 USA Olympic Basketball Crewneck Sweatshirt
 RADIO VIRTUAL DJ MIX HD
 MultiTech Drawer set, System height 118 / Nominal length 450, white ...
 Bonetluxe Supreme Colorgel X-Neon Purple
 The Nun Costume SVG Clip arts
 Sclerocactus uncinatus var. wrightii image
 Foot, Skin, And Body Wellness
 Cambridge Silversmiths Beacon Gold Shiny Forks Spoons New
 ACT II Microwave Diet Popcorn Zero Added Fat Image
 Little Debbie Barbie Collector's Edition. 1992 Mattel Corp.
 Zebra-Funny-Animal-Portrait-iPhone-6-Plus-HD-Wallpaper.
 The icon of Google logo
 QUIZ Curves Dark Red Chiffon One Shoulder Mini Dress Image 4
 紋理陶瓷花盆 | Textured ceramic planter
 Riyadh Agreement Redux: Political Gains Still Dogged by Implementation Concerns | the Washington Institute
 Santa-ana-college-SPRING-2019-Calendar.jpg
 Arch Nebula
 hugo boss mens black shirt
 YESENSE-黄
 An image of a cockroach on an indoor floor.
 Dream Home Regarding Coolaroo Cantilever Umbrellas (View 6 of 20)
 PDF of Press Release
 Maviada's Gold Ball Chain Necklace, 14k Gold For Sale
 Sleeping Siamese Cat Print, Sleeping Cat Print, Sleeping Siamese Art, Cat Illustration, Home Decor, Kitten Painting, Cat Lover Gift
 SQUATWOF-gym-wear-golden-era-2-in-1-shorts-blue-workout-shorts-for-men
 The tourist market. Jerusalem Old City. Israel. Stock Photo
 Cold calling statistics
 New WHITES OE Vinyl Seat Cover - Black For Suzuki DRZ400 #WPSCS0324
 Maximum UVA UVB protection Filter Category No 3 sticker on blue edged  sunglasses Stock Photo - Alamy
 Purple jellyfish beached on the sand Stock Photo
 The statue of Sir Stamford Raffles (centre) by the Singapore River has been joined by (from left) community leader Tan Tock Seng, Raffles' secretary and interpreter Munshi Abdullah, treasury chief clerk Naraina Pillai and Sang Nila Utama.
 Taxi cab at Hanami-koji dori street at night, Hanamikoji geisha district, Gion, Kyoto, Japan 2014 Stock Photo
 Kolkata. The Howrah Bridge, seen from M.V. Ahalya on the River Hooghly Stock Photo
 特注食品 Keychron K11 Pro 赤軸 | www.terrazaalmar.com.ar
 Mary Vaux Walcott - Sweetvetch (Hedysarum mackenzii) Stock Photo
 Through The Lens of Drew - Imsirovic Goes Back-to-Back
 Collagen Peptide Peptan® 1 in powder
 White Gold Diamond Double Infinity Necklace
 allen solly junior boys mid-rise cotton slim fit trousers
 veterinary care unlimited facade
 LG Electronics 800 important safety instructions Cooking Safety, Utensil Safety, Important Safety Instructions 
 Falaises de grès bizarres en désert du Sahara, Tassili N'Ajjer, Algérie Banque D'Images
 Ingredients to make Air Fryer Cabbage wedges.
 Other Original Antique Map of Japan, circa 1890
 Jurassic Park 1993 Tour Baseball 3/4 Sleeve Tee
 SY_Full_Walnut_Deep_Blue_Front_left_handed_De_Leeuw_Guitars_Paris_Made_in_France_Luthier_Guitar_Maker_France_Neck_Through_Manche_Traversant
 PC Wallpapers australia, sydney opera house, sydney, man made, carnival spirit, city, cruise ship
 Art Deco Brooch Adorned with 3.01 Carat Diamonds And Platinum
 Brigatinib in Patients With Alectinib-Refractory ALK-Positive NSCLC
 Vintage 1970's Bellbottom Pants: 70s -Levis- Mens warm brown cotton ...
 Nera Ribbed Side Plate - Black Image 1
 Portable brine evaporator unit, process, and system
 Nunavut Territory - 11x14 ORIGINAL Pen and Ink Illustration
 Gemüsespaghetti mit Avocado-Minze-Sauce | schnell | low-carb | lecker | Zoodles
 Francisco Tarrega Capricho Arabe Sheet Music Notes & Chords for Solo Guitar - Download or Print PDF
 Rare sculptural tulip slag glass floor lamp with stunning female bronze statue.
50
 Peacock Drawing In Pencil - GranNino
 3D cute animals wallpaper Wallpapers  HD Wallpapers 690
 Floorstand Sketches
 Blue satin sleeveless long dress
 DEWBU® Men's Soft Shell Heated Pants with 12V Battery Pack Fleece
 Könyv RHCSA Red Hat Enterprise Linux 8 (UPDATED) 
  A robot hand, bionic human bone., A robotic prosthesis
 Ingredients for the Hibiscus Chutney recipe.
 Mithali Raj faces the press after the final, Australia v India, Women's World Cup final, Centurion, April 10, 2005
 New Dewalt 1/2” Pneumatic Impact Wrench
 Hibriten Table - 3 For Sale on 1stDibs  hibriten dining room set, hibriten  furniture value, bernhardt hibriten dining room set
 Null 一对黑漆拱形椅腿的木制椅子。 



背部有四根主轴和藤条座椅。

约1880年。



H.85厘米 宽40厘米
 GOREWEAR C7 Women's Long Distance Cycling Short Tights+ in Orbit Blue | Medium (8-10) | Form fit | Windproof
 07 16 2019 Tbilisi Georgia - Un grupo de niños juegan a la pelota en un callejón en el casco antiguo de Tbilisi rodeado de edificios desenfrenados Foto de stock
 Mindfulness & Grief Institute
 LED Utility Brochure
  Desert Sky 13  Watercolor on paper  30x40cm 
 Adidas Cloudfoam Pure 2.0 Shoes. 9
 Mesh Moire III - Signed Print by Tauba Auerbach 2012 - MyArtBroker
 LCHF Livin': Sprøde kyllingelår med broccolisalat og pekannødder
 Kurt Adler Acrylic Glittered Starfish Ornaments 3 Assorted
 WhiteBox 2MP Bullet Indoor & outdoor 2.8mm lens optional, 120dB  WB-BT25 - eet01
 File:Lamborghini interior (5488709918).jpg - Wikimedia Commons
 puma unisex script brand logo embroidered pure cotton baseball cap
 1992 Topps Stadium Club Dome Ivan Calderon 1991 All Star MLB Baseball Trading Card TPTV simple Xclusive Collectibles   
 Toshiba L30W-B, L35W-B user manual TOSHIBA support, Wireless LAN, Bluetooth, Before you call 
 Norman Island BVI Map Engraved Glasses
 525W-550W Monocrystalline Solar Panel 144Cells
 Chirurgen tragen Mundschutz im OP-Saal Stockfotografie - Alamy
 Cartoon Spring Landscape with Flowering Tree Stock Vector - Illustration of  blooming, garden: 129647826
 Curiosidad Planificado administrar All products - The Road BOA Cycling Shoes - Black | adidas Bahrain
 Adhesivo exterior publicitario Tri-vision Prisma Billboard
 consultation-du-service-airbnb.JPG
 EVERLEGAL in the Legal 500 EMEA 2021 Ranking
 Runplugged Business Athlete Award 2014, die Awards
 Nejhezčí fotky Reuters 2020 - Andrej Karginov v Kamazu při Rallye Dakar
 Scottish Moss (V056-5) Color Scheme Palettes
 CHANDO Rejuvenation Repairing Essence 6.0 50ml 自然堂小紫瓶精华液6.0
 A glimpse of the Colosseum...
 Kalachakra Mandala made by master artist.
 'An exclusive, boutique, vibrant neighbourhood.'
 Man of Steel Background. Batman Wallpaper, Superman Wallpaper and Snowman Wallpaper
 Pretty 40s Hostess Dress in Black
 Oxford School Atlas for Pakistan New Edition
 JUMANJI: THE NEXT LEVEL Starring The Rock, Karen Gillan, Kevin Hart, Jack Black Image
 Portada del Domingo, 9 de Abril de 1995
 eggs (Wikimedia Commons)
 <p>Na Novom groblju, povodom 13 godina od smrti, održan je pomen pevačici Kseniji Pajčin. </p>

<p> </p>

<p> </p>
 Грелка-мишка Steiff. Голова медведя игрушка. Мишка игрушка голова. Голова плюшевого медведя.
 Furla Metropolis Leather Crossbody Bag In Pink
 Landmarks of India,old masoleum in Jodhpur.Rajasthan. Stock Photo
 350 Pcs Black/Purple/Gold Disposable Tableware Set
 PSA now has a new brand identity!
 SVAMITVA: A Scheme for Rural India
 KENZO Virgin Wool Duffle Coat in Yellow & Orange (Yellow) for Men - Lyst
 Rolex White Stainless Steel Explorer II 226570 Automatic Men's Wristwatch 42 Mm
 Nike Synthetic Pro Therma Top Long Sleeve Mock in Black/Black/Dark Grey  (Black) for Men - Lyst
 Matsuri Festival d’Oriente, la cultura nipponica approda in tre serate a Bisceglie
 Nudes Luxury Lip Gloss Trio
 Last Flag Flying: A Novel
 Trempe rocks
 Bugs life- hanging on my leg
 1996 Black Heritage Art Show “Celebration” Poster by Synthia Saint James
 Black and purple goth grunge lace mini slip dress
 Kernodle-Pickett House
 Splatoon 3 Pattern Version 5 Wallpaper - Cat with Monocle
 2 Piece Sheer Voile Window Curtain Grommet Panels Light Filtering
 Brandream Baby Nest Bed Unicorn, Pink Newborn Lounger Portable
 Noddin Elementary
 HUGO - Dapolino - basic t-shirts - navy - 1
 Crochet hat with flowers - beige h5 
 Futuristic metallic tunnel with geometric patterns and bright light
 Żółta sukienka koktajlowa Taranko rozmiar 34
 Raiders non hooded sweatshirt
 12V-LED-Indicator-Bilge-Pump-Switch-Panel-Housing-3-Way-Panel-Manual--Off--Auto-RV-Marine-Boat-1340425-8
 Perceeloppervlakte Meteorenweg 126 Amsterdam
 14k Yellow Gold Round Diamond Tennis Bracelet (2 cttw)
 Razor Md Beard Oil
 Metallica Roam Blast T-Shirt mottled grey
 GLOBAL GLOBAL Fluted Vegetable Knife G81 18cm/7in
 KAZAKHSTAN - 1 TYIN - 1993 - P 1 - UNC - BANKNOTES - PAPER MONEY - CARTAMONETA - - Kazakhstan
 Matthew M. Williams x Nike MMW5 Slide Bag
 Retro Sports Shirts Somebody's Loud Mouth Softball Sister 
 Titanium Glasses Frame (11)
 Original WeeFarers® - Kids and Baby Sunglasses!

-- Problem to solve --
Look over the material above and show each line where "Photo" appears.

-- Exercise answer --
 The tourist market. Jerusalem Old City. Israel. Stock Photo
 Maximum UVA UVB protection Filter Category No 3 sticker on blue edged  sunglasses Stock Photo - Alamy
 Purple jellyfish beached on the sand Stock Photo
 Taxi cab at Hanami-koji dori street at night, Hanamikoji geisha district, Gion, Kyoto, Japan 2014 Stock Photo
 Kolkata. The Howrah Bridge, seen from M.V. Ahalya on the River Hooghly Stock Photo
 Mary Vaux Walcott - Sweetvetch (Hedysarum mackenzii) Stock Photo
 Landmarks of India,old masoleum in Jodhpur.Rajasthan. Stock Photo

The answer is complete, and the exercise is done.